O calendário divulgado prevê que o complexo seja entregue no final de 2026. Segue-se aquilo que tecnicamente é designado por fit-out: instalação e adaptação dos interiores, equipamentos, mobiliário e restantes condições necessárias para colocar as diferentes áreas em funcionamento.
Como o Matadouro reúne espaços com funções muito diferentes — museu, galeria, espaços educativos, áreas para criação artística, escritórios, restauração e espaços públicos —, não é necessário que todo o complexo esteja terminado para que uma primeira parte possa começar a funcionar.
Entrega prevista do equipamento
O atual calendário aponta para a conclusão desta etapa no final do ano.
Fit-out e preparação dos espaços
Instalação e preparação das diferentes valências do complexo para a entrada em funcionamento.
Aberturas progressivas
Os diferentes espaços deverão abrir à medida que os respetivos trabalhos de instalação fiquem concluídos.
Importante: até 25 de agosto de 2026 não existe uma data oficial anunciada para uma inauguração geral do complexo, nem um calendário público com o dia de abertura de cada uma das suas valências.
O calendário do antigo Matadouro já mudou várias vezes
A reconversão do antigo Matadouro Industrial é um projeto acompanhado há vários anos e o calendário foi sofrendo alterações durante a execução.
Em fases anteriores do projeto chegaram a existir previsões que apontavam para uma entrada em funcionamento mais cedo. Em 2022, por exemplo, foi avançado o horizonte de 2024. Mais recentemente, em 2025, chegou a ser admitida a possibilidade de o complexo abrir durante o verão de 2026.
A atualização agora conhecida substitui essas perspetivas por um calendário diferente: entrega no final de 2026 e abertura faseada durante 2027.
Mais do que uma simples alteração de alguns meses, esta definição significa que o público deverá assistir ao nascimento do novo complexo por etapas.
26 mil metros quadrados: o Matadouro é muito mais do que um museu
Há uma distinção importante para compreender a escala do projeto. O M-ODU — Matadouro Outro Destino Urbano corresponde à reconversão global do antigo complexo industrial e combina diferentes utilizações.
O empreendimento ocupa uma área global de aproximadamente 26 mil metros quadrados. Dentro desse universo, cerca de 8 mil metros quadrados estão associados às áreas culturais e de lazer.

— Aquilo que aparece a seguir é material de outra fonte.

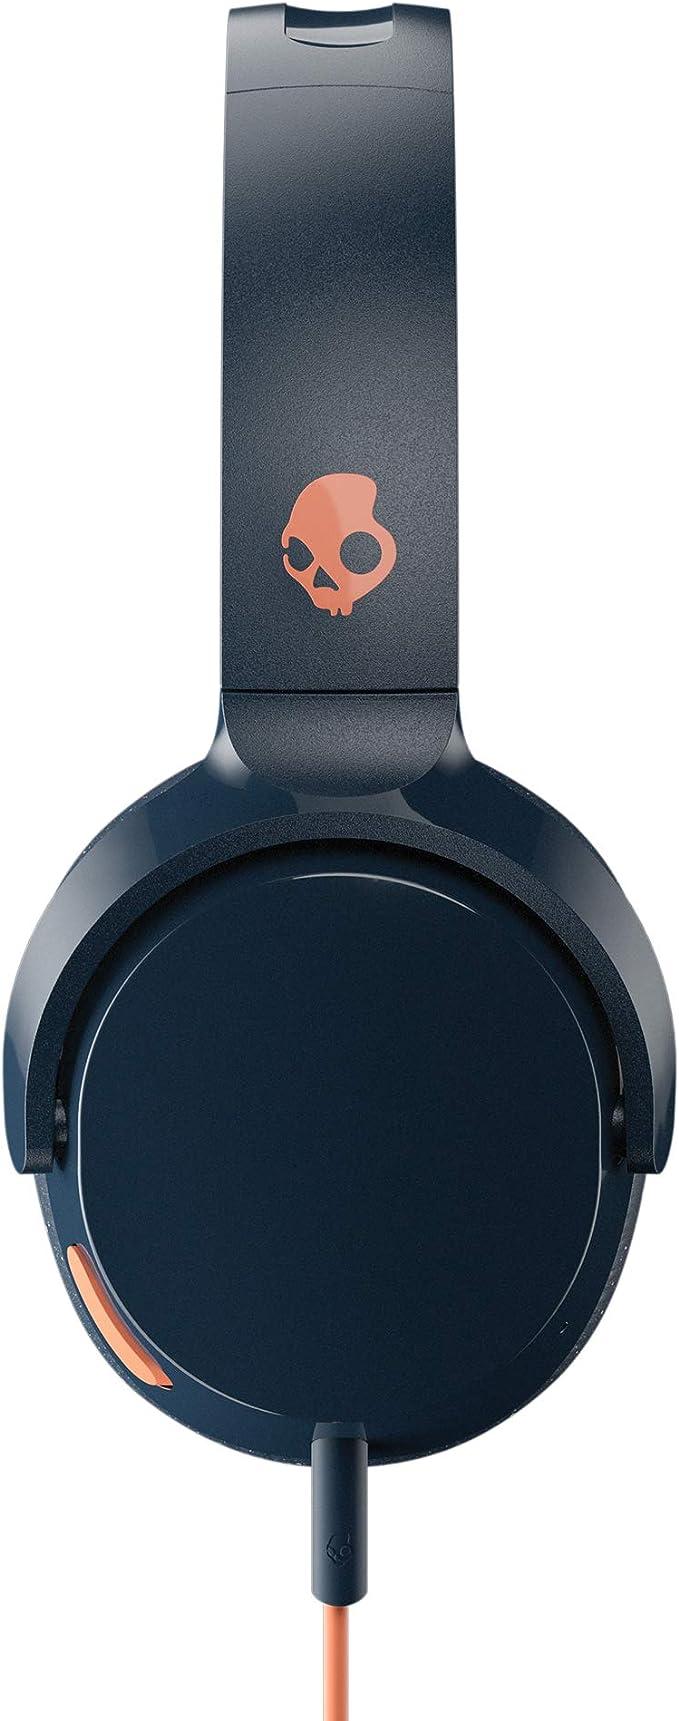 Skullcandy On-Ear HeadphonesBlue1.2m CordEx-Display

O restante projeto integra também espaços de trabalho e serviços, restauração, zonas verdes, praças públicas e outras valências. Está igualmente prevista a instalação de novas instalações da PSP no complexo.
O que vai existir no Matadouro — Centro Cultural do Porto?
É na componente municipal e cultural que o projeto ganha particular importância para o panorama cultural da cidade.
O futuro polo foi concebido não apenas como espaço de apresentação de exposições, mas como um ecossistema onde património, criação, educação e práticas artísticas ligadas às comunidades possam coexistir.
Museu das Convergências
Será uma das principais valências culturais do complexo e terá como foco as relações, circulações e encontros entre diferentes culturas, geografias e períodos históricos.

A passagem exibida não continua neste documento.